На следующий день, пообедав в ресторане поезда и немного захмелев, Кузьмич сказал:

— Ну что, Володя, если тебе не надоело слушать меня, я доскажу тебе эту историю до конца, хотя не то что говорить, даже вспоминать об этом больно. Значит, так: кольцо с иглами я поставил на место, да беда, забыл внутрь положить мясо для приманки. Кольцо я снимать не захотел, а порубил мясо помельче и через горловину стал толкать ее внутрь капкана. Один, последний кусок, оказался покрупнее и застрял, а я, дурак, вместо того чтобы вырубить палку, толкнул его рукой, и так сильно, что рука вместе с мясом проскользнула внутрь капкана. Я сдуру решил вытащить ее оттуда и дернул на себя. Все иглы дружно впились в кисть руки. Вот сюда.

И он протянул правую руку в мою сторону. Я взял ее в ладони, невольно погладил глубокие страшные шрамы и мысленно представил себя на его месте. У меня закололо в сердце. Кожей ощутил весь драматизм ситуации, в которую он попал.

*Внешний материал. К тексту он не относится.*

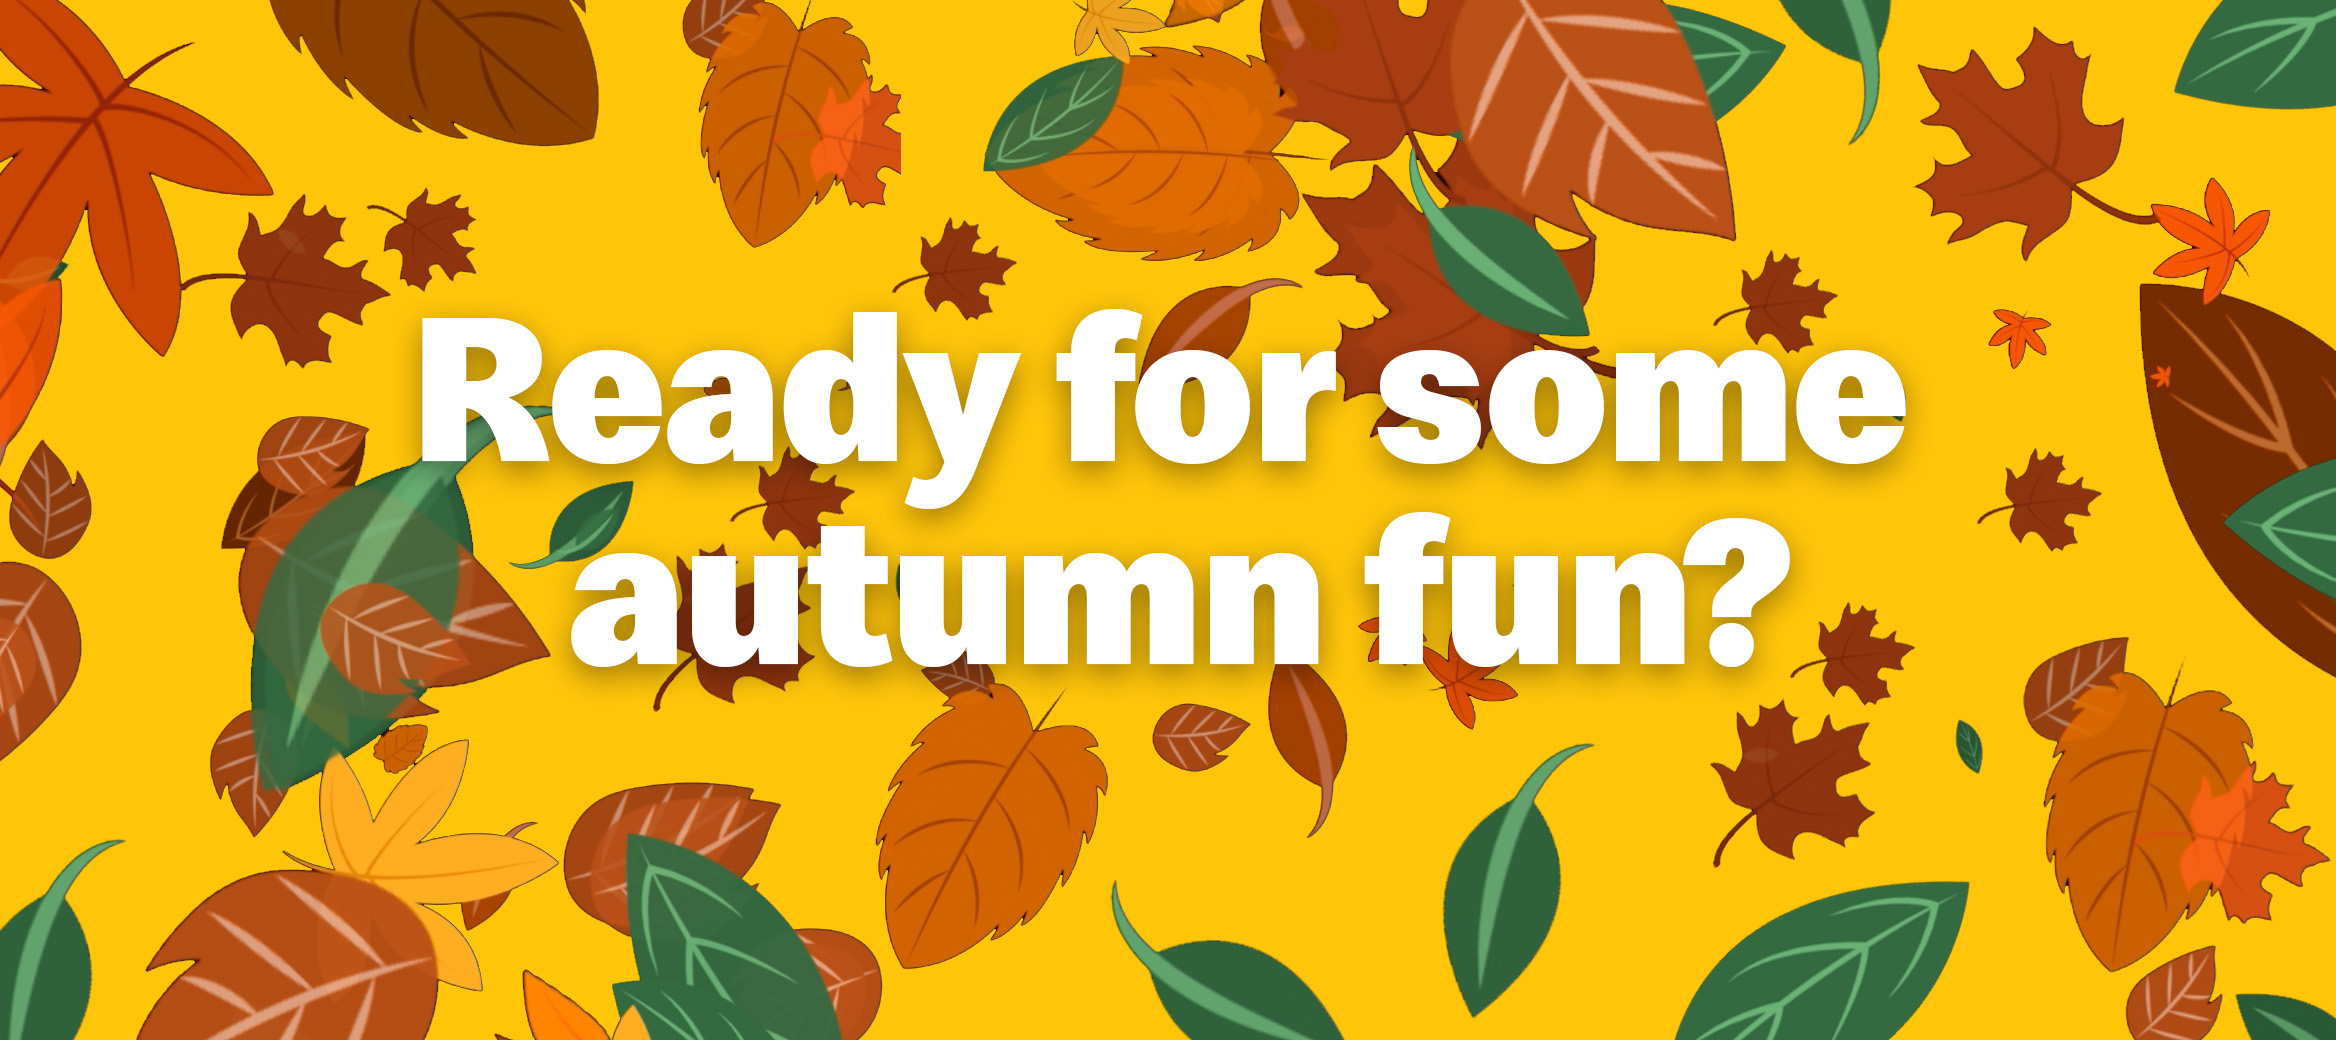 Different coloured leaves on a yellow background and a title that reads “Ready for some autumn fun?”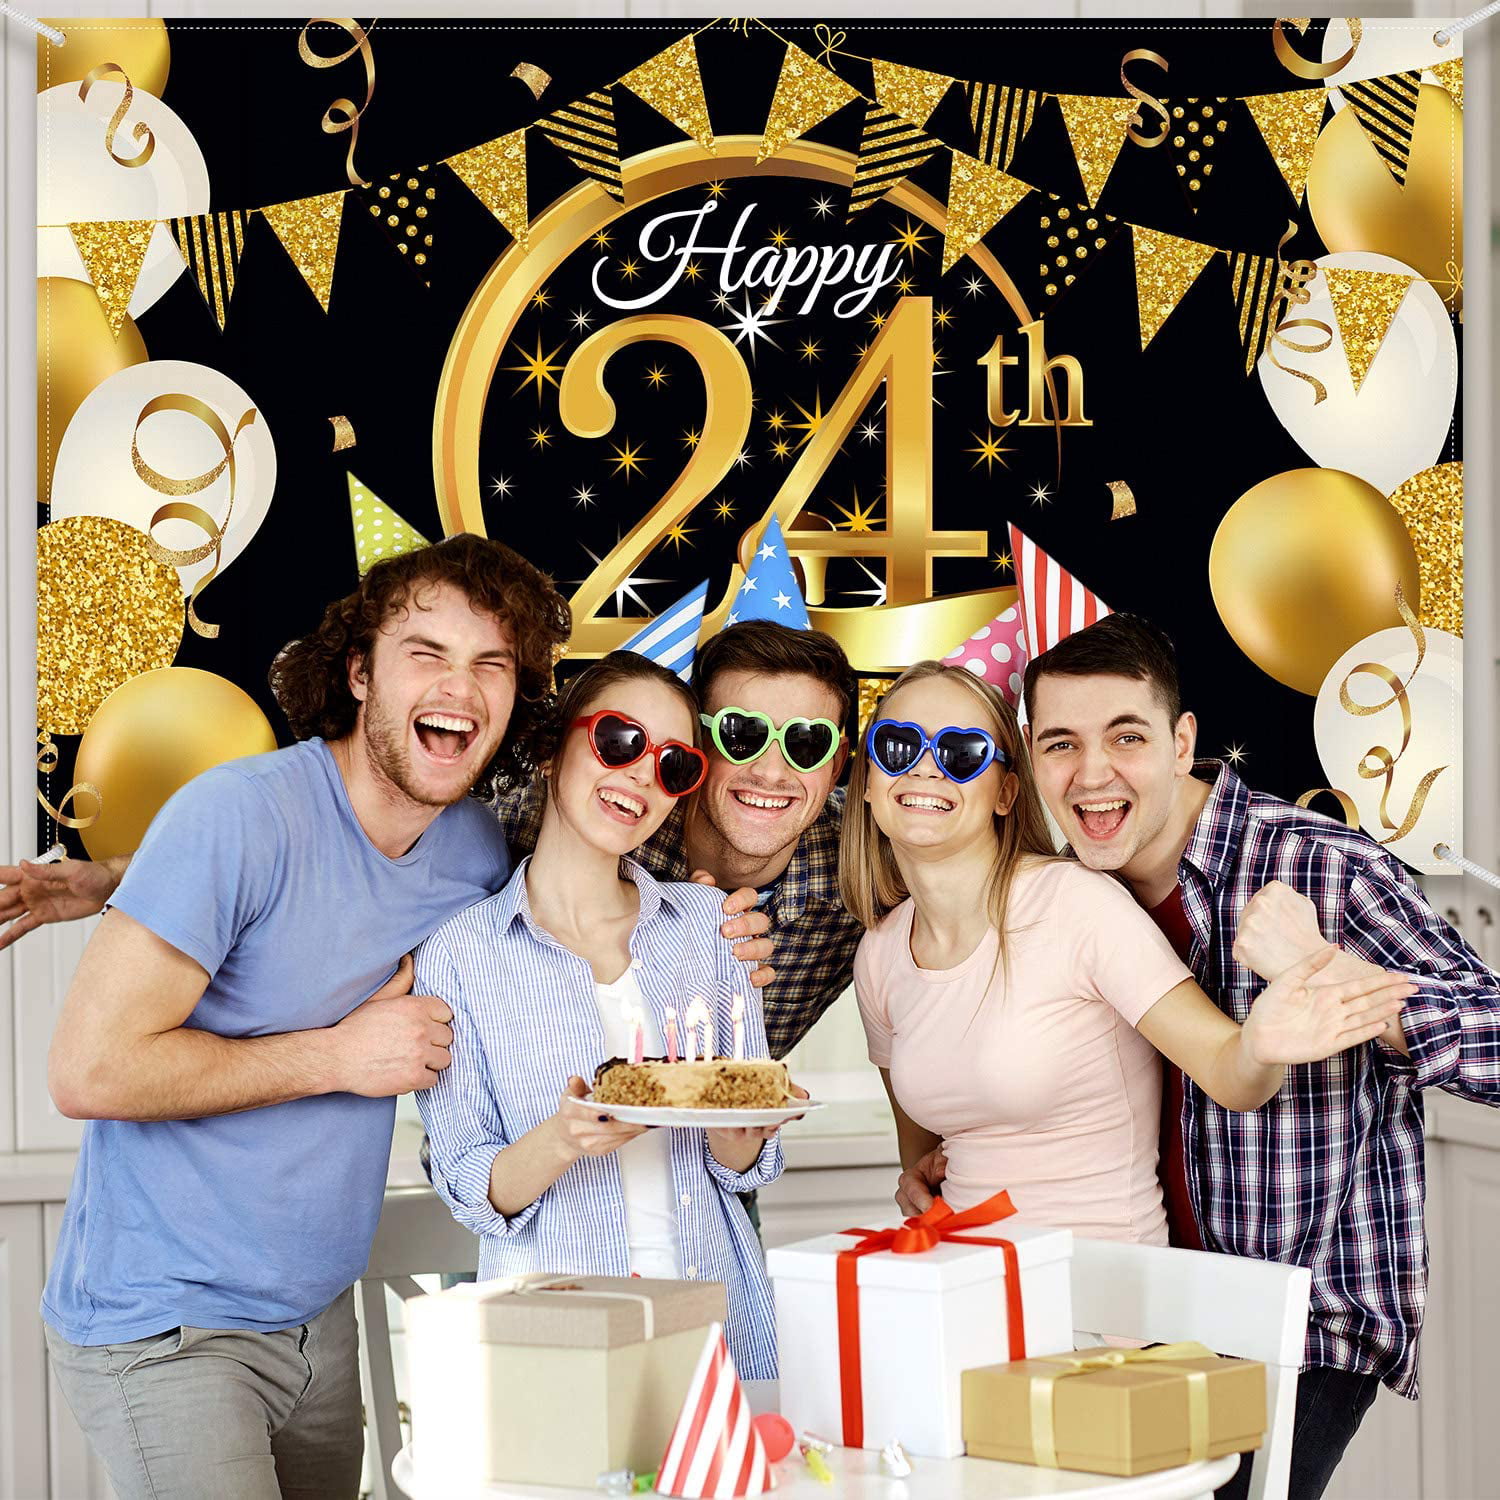 Birthday Party Supplies 59th Birthday Party Decoration Extra Large Fabric Black Gold Sign Poster for Anniversary Photo Booth Backdrop Background Banner 72.8 x 43.3 Inch

— Дикий неповторимый крик раздался на всю тайгу. Так, видимо, кричит медведь, оказавшись в моем капкане, — продолжил он рассказ. — Можно было бы левой рукой открутить болты, вынуть руку вместе с кольцом и иглами и что-то придумать. На худой конец, попытаться уехать домой с капканом, но куртка, в кармане которой лежат пассатижи, ключ на 13 мм и патроны, висит на недосягаемом расстоянии. Вот так, паря, я попал в то положение, которое готовил для другого, и сам себе подписал смертный приговор. Страшная боль не уходила ни на секунду. Я мог бы опустить руку глубже в капкан, и иглы вышли бы из ладони, но боялся, что одна из них воткнется в вену, и я умру от потери крови. Я вспомнил, что в моем положении делают медведи, спасаясь от боли, и, приподняв левой рукой капкан, стал спускаться к ключу. Все иглы зашевелились в ранах, и я на какое-то время потерял сознание. Очнувшись, я подобрал щепку рядом с ключом, вложил ее в рот. Сжал до боли зубы, подтянул к себе ружье и еще чуть-чуть приблизился к воде. Самое опасное, что пока я был без сознания, сильно растревожил раны. Некоторые из них оказались рваными и кровоточили. Так мало-помалу, превозмогая боль, я подполз к ключу и положил руку с капканом в холодную воду. Боль немного утихла, я наклонился правым боком на сухую кочку и стал думать. Что делать? От жажды я не умру, но я голоден, наступает длинная холодная ночь, а я в одной безрукавке. Получается, холод снизу и холод сверху, и ни искорки тепла. Так я выдержу сутки, двое, трое, а что дальше? Чтобы не мучиться, пулю в подбородок  и конец? Но как это горе перенесут жена и сын? Стоп! Сын Кузьма со дня на день должен вернуться из армии и обязательно примчится ко мне, чтобы вместе готовиться к охоте на соболя и бить крупного зверя. Но когда это он прибежит? Сколько ждать? И все-таки появилась хоть какая-то надежда. Маленькая искорка. Мне стало теплее, и боль поутихла. Я стал ждать и надеяться, ведь надежда умирает последней.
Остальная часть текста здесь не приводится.